The Extract Data endpoint processes PDF documents and extracts structured information based on custom schemas. This is ideal for extracting specific data points, citations, references, and structured content from documents using AI-powered analysis.

The endpoint returns a job ID for asynchronous processing. Use the job management endpoints to check status and retrieve results.

Request

pdf_file

file

required

The PDF file to process for data extraction. Maximum file size: 100MB

schema_data

string

required

JSON schema defining the structure and fields to extract from the document. Must be a valid JSON Schema format with type definitions, properties, and required fields.

citation_config

string

JSON object controlling citation detail level. Configure what citation references are returned with extracted data.Properties:

semantic_citations (boolean): Enable segment-level citations. Default: false
ocr_citations (boolean): Enable word-level citations with OCR coordinates. Default: false

Example:

{
  "semantic_citations": true,
  "ocr_citations": true
}

When to use:

Set both to true for segment-level and word-level citations
Set semantic_citations: true, ocr_citations: false for segment-level citations only
Set both to false (default) when citations aren’t needed

Response

job_id

string

Unique identifier for the extraction job

status

string

Initial job status (typically “queued”)

message

string

Descriptive message about the job creation

quota_remaining

number

Number of Credits remaining in your quota

Extraction Results Format

Once the job is completed, the results will contain the extracted data with additional metadata:

[field_name]

object

Each extracted field returns an object with the following structure:

[field_name].value

string|number|array|object

The extracted value matching the schema type

[field_name].score

number

Confidence score between 0 and 1 indicating extraction accuracy

[field_name].bboxes

array

Array of bounding box coordinates where the data was found in the document. Only included when semantic_citations or ocr_citations is enabled in citation_config.
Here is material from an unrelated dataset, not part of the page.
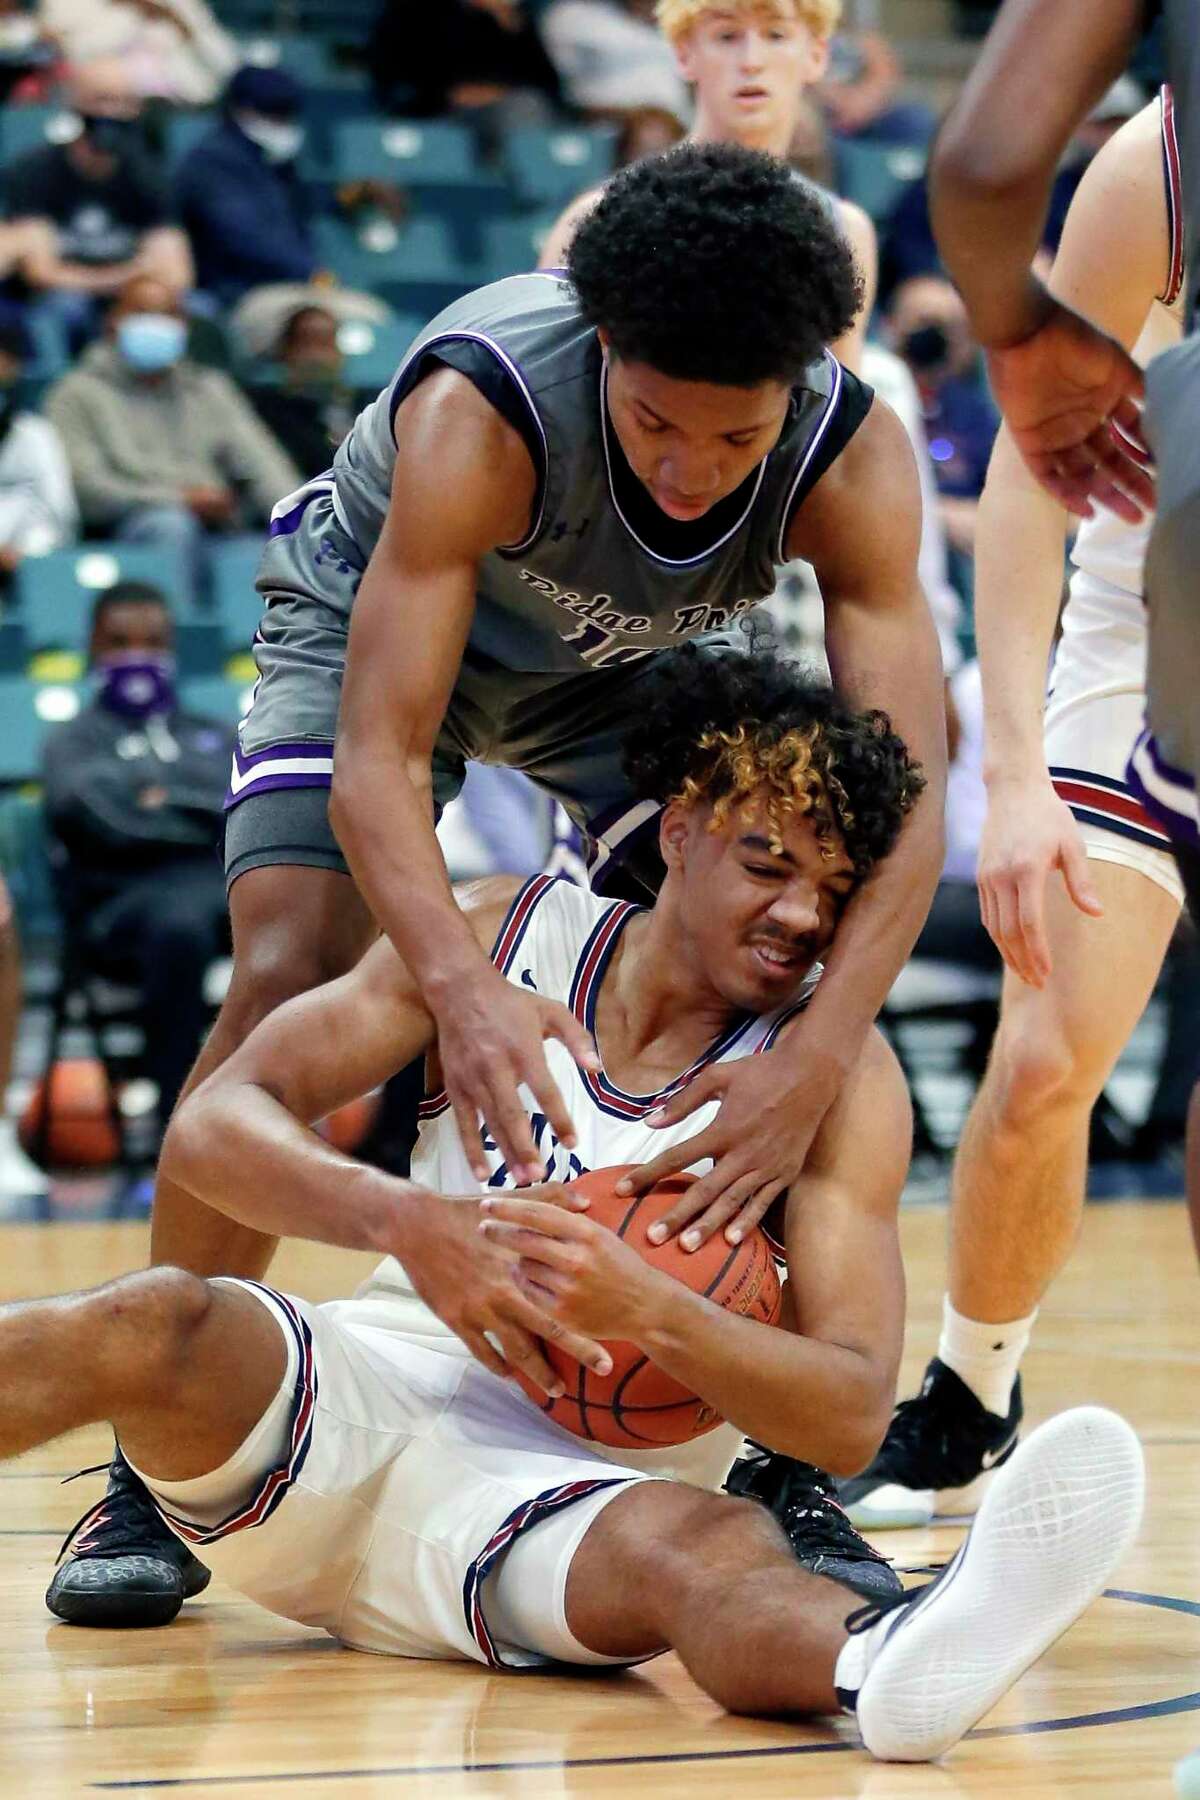 Tompkins’ B.B. Knight tries to keep the ball as Ridge Point’s Kolby Granger, top, reaches over during a Boys 6A bi-district high school basketball playoff game Saturday, Feb. 20, 2021 at the Merrell Center in Katy, TX.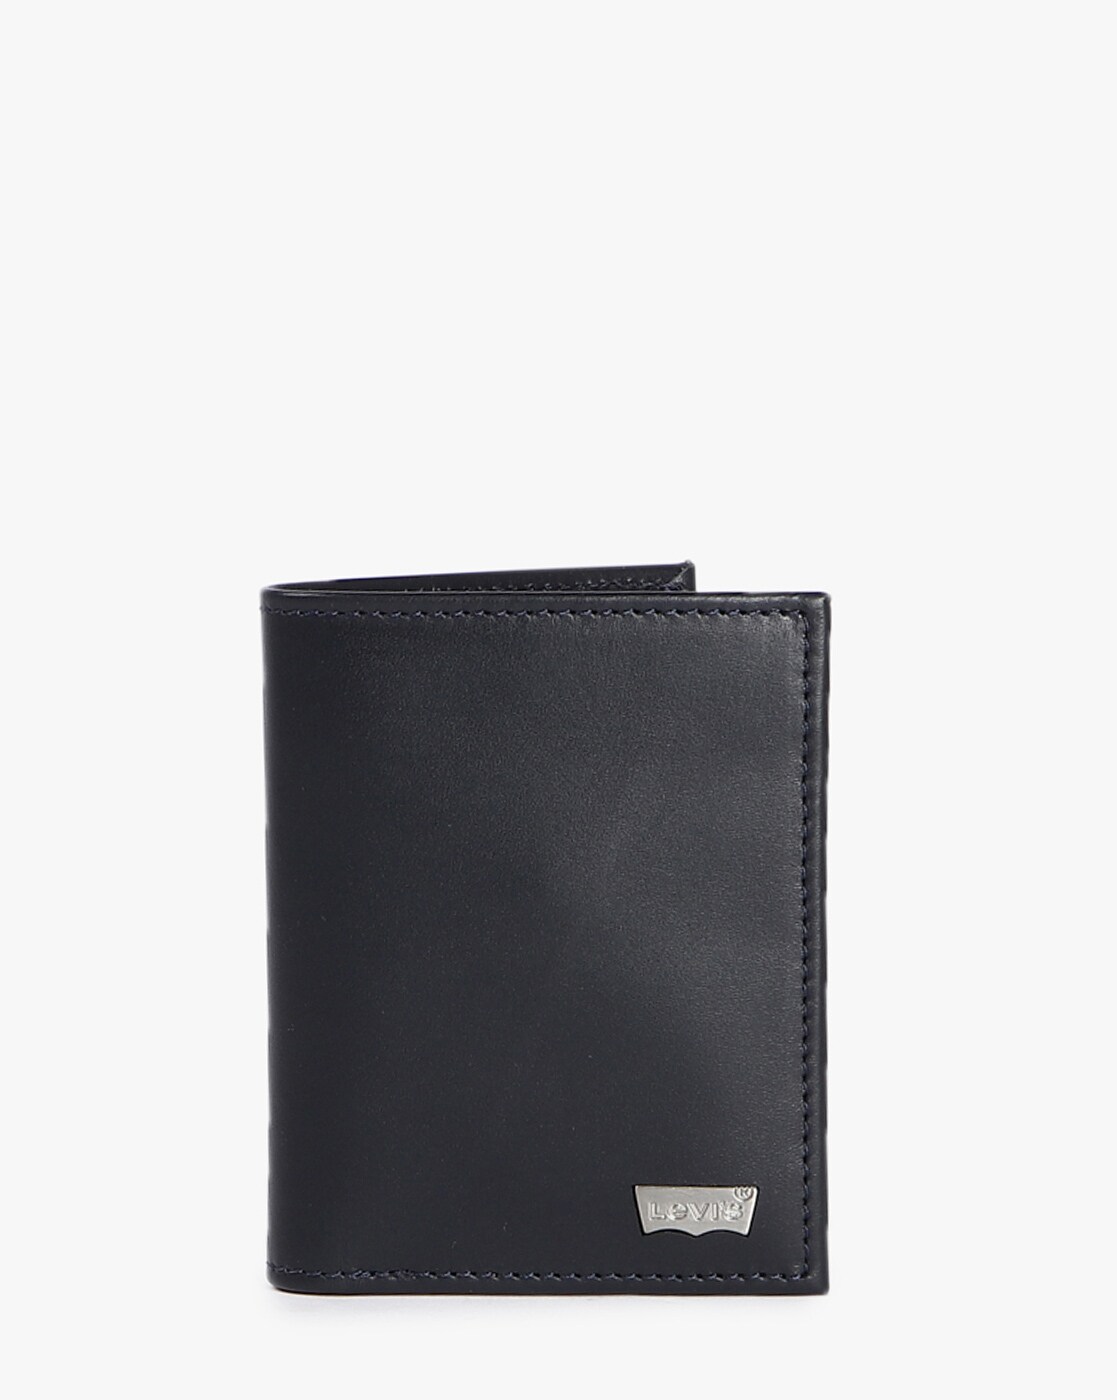 Buy Levi's Leather Brown Men's Wallet (37541-0036) at Amazon.in

[field_name].bboxes[].bbox

array

Bounding box coordinates [x1, y1, x2, y2] in pixels. Only included when citations are enabled.

[field_name].page_no

number

Page number where the data was extracted (1-indexed). Only included when citations are enabled via citation_config.

min_confidence_score

number

Minimum confidence score across all extracted fields

Example Extraction Results

For a simple financial document schema:

Schema

{
  "type": "object",
  "properties": {
    "Individuals": {
      "type": "string",
      "description": "Percentage Holding"
    },
    "LIC of India": {
      "type": "string",
      "description": "No of Shares Held"
    },
    "United bank of india": {
      "type": "string",
      "description": "No of shares held by United bank of india"
    }
  },
  "required": [
    "Individuals",
    "LIC of India",
    "United bank of india"
  ],
  "additionalProperties": false
}

Extraction Results

{
  "Individuals": {
    "score": 0.9998314521743098,
    "value": "10.57",
    "bboxes": [
      {
        "bbox": [
          79,
          381,
          524,
          565
        ]
      }
    ],
    "page_no": 2
  },
  "LIC of India": {
    "score": 0.9999889986487799,
    "value": "1515000",
    "bboxes": [
      {
        "bbox": [
          79,
          381,
          524,
          565
        ]
      }
    ],
    "page_no": 2
  },
  "United bank of india": {
    "score": 0.999984548437705,
    "value": "500000",
    "bboxes": [
      {
        "bbox": [
          79,
          381,
          524,
          565
        ]
      }
    ],
    "page_no": 2
  },
  "min_confidence_score": 0.9998314521743098
}

curl -X POST "https://prod.visionapi.unsiloed.ai/extract" \
  -H "accept: application/json" \
  -H "api-key: your-api-key" \
  -H "Content-Type: multipart/form-data" \
  -F "[email protected];type=application/pdf" \
  -F "schema_data={\"type\":\"object\",\"properties\":{\"title\":{\"type\":\"string\",\"description\":\"Document title\"},\"date\":{\"type\":\"string\",\"description\":\"Document date\"}},\"required\":[\"title\",\"date\"],\"additionalProperties\":false}"

{
  "job_id": "945b4578-691f-4c74-8184-dde654093b11",
  "status": "queued",
  "message": "PDF citation processing started",
  "quota_remaining": 48988
}

Citation Configuration

The citation_config parameter controls the level of citation detail returned with extracted data. Citations provide references back to the source document, allowing you to trace where each extracted value was found.

Configuration Options

semantic_citations

boolean

default:"false"

Enabled (true):

Returns segment-level citations with bounding boxes
Provides contextual text spans for each extracted field
Useful for tracing data back to document sections

Disabled (false):

No segment-level citations included
Smaller response payload

ocr_citations

boolean

default:"false"

Enabled (true):

Returns word-level citations with precise coordinates
Includes OCR-level bounding boxes for individual words
Enables character-level text mapping

Disabled (false):

No word-level citations included
Faster processing and smaller response size

Use Cases

Segment-Level and Word-Level Citations

{
  "semantic_citations": true,
  "ocr_citations": true
}

Use when you need both segment-level context and word-level precision for detailed auditing or UI highlighting. Segment-Level Citations Only

{
  "semantic_citations": true,
  "ocr_citations": false
}

Use when you need to trace data back to document sections without word-level detail. Balanced performance with moderate response size. No Citations (Values Only)

{
  "semantic_citations": false,
  "ocr_citations": false
}

Use when you only need extracted values without citation references. Fastest processing with minimal response payload.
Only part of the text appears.